AWF: What is Equine Welfare?



Roly qualified from the Cambridge veterinary school in 1992 and was a veterinary officer in the Royal Army Veterinary Corps from 1993-1996 and has been World Horse Welfare CEO since 2008. This is a charity with a wide network of veterinary expertise in the UK and worldwide.

The talk begins with a reminder of the declaration made by all veterinary surgeons at their graduation ceremony before admittance to the RCVS.  As with the other speakers, the 5 welfare provisions were listed before asking ‘Equine Welfare-what do we mean?’

Key issues to answer the questions are: –

  • Weight management
  • Disease prevention
  • Lameness
  • Breeding
  • Insurance
  • End of life issues
  • Supporting performance

He asks whether vets are failing horses. Dilemmas such as a young vet being asked to fire tendons and also it seems that trainers have become in charge of veterinary care in yards-not veterinary surgeons.

Some disturbing statistics include that 30-50% of equines are obese. The profession should be doing more about this problem. Some owners are killing horses with kindness and with time constraints for consultations, it becomes increasingly difficult to persuade owners to slim down their horses.

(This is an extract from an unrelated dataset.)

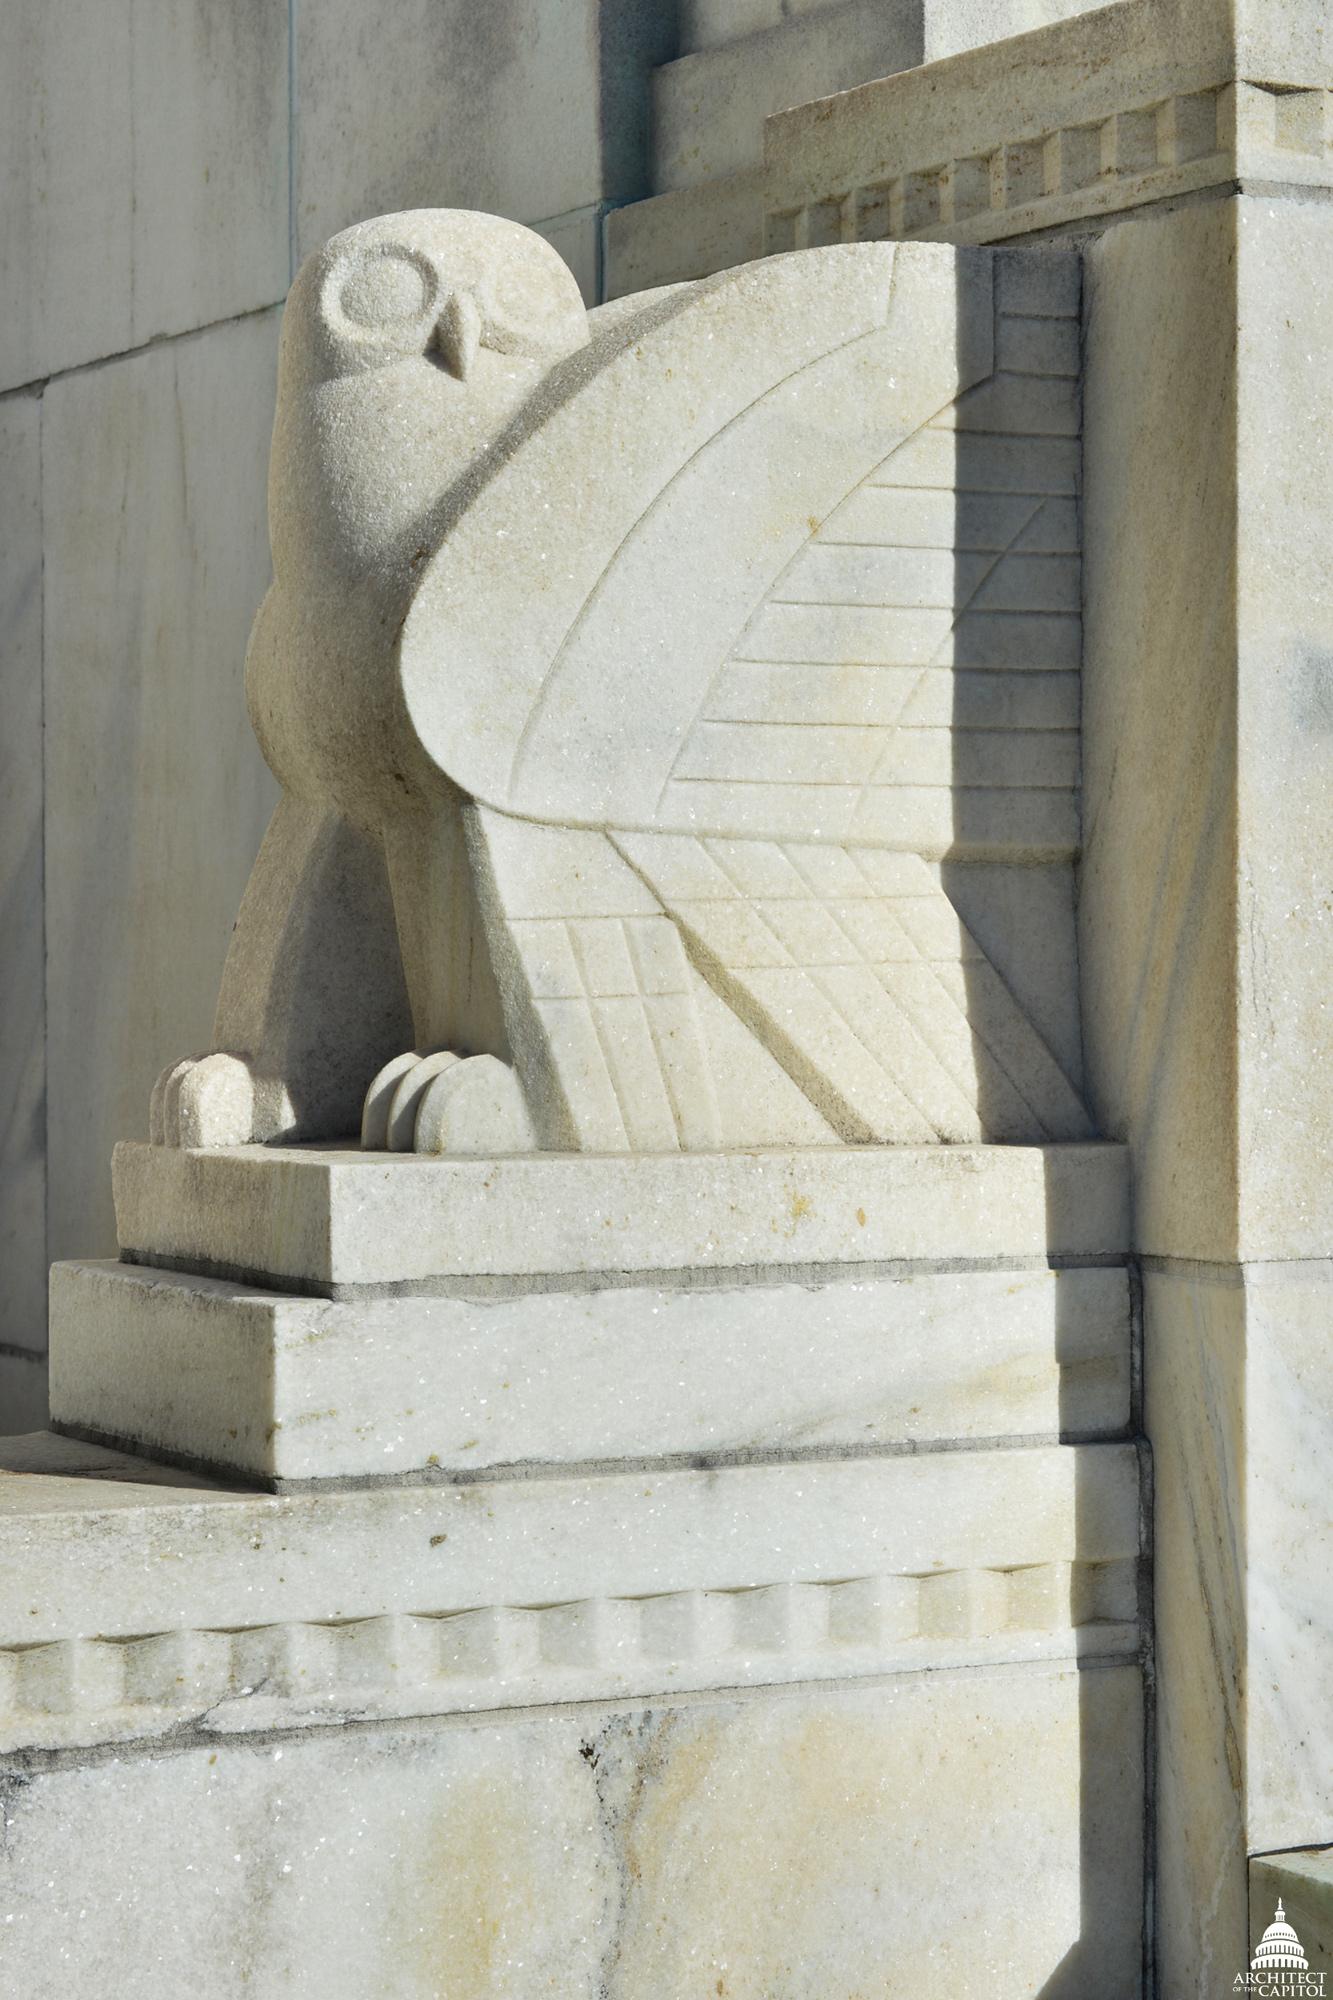 Adams Building south entrance owl motif.

With regard to disease prevention ‘vets are on livery yards all the time, but how often do they enquire about or advise on biosecurity and isolation procedures?’ And some estimates suggest only about 30% of the equine population are vaccinated against influenza.

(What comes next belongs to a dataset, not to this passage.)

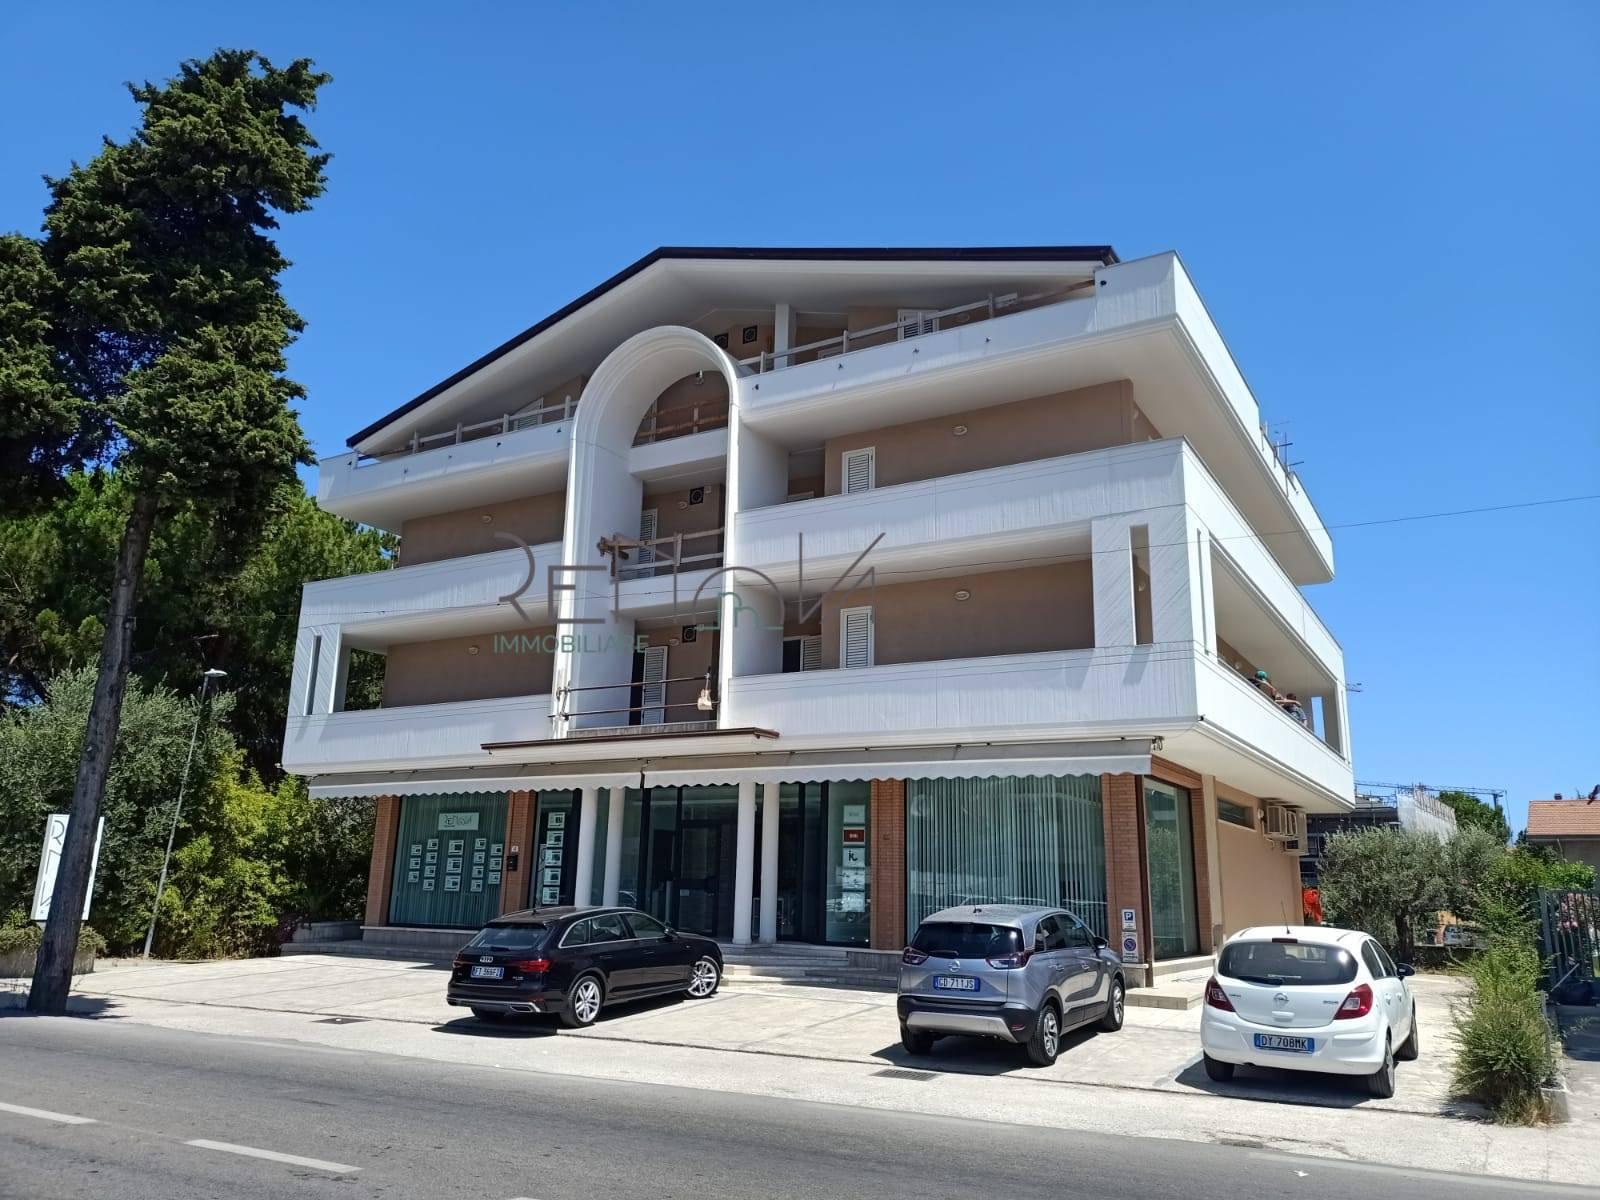 Appartamento in vendita a Tortoreto, 3 locali, zona Località: TortoretoLido, prezzo € 145.000 | PortaleAgenzieImmobiliari.it

Novel attempts to recognise pain due to lameness have not been well received, even at congress level. Development of facial ethograms for horses shows promise and is undoubtedly needed. A study of sports horses, of horses in work with riders that believed they were sound, found that 46% were lame.

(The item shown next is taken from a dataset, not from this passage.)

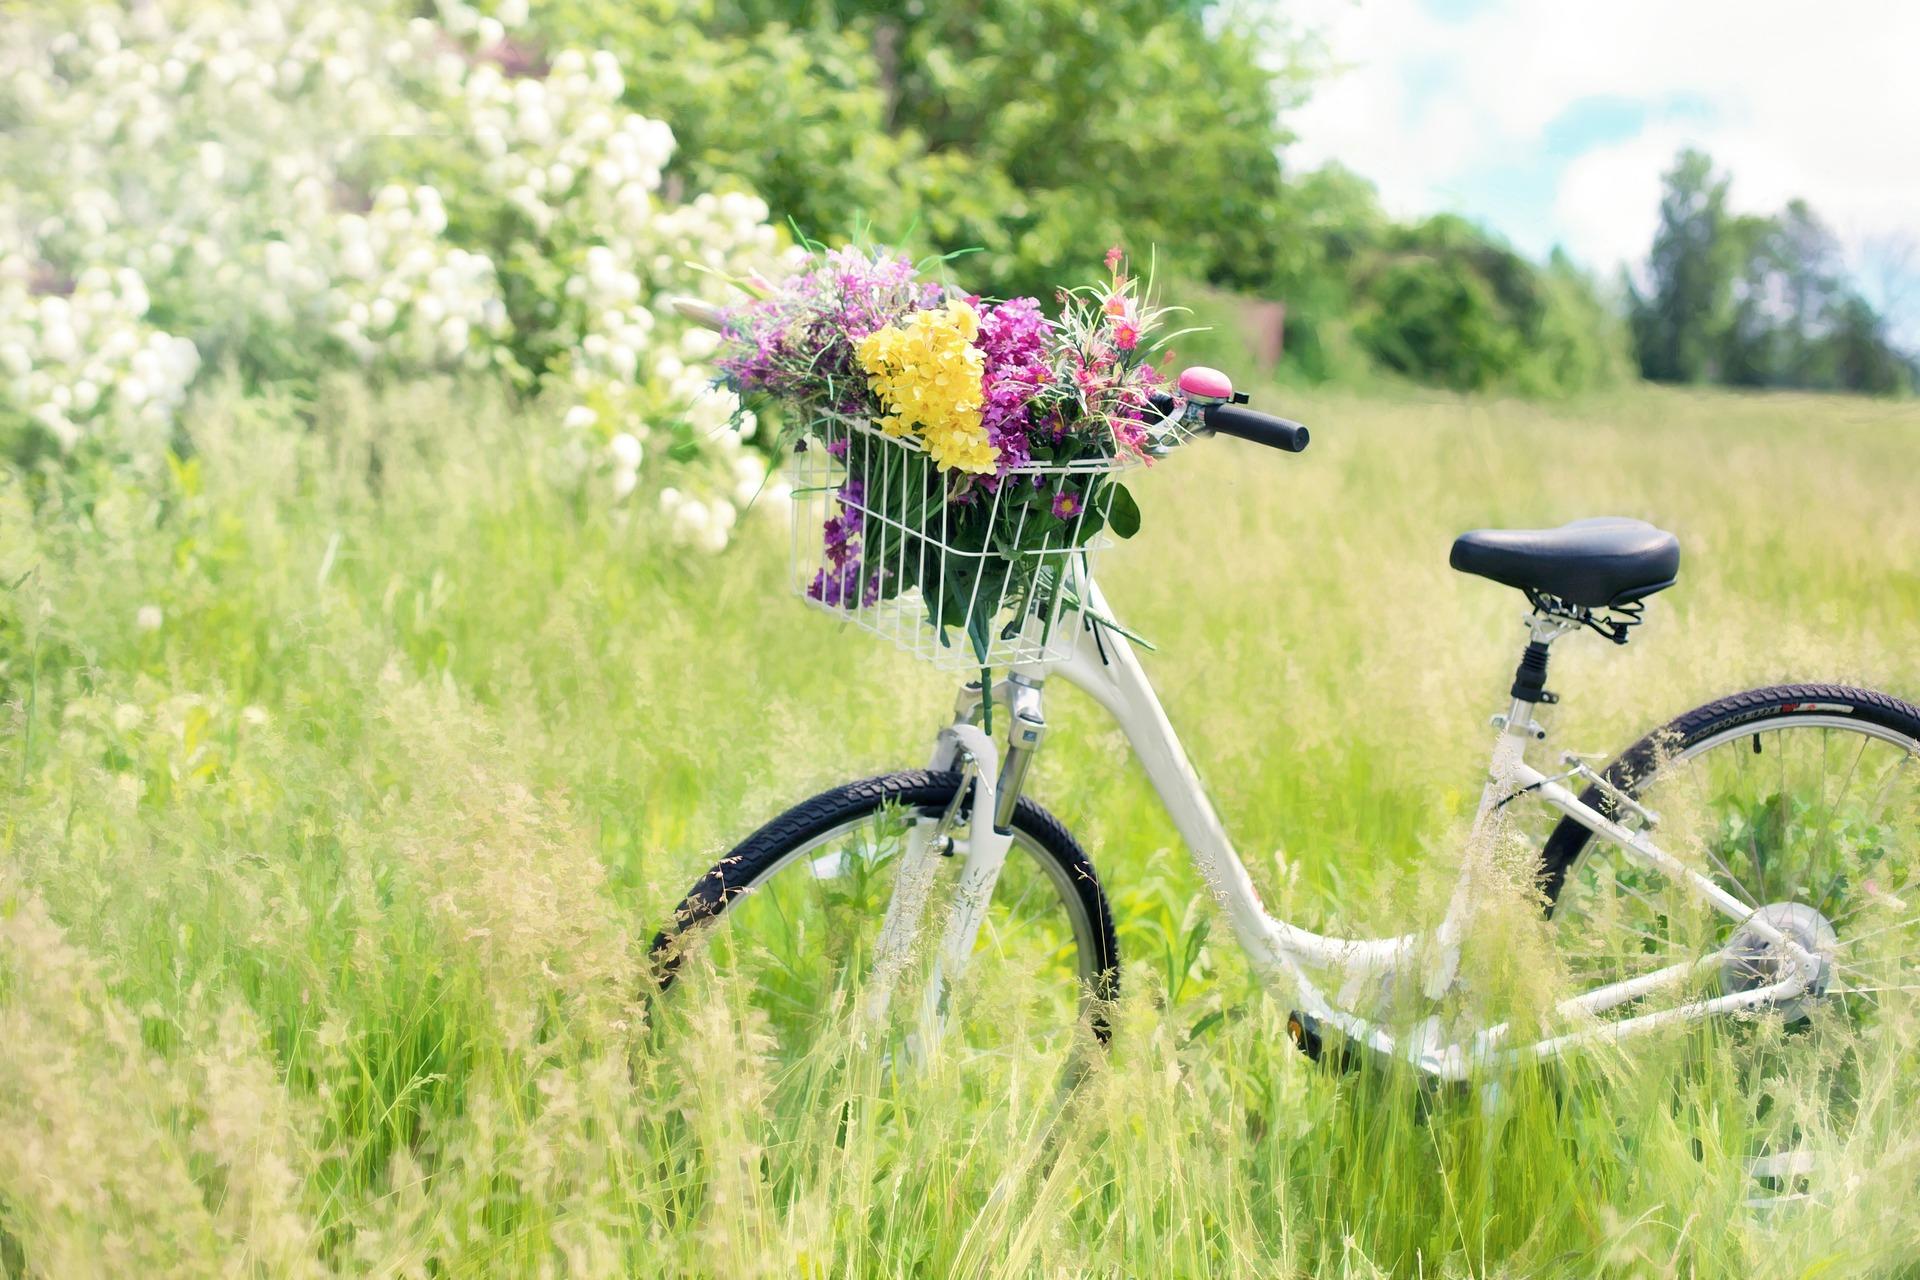 Milyen izmok működnek kerékpározás közben?

There are problems with unwise breeding with owners difficult to persuade that their mare is not a good candidate for breeding.

Insurance enables a vast array of treatments to be available –but is gold-plating therapy in the horses’ best interest?

Clearly, in summary, vets have a key role in influencing owner behaviour across the areas discussed.

Questions following the presentation included: –

  • How much of the problems are due to ‘impostor syndrome?’ Do vets really feel confident to command respect or are they impostors? Quite important to work well with farriers since if both these experts agree then friends of the owner, Dr Google and others will have less influence. It comes back to not allowing other people to occupy what should be the territory of veterinary experts.
  • Discussion on the fact that owners and trainers can be very demanding and opinionated and it is very easy to lose them as clients. Easy, also,  to be ‘downtrodden’ by them.
  • Why do horse owners appear to be so difficult compared to small animal owners? Money? Probably a PhD project to answer this one (reviewer’s comment). A point was made that less moneyed and educated clients can be more difficult.
  • How many human athletes would be sound without the use of NSAIDs? Owners want medication to improve performance-quite an issue for vets at the moment?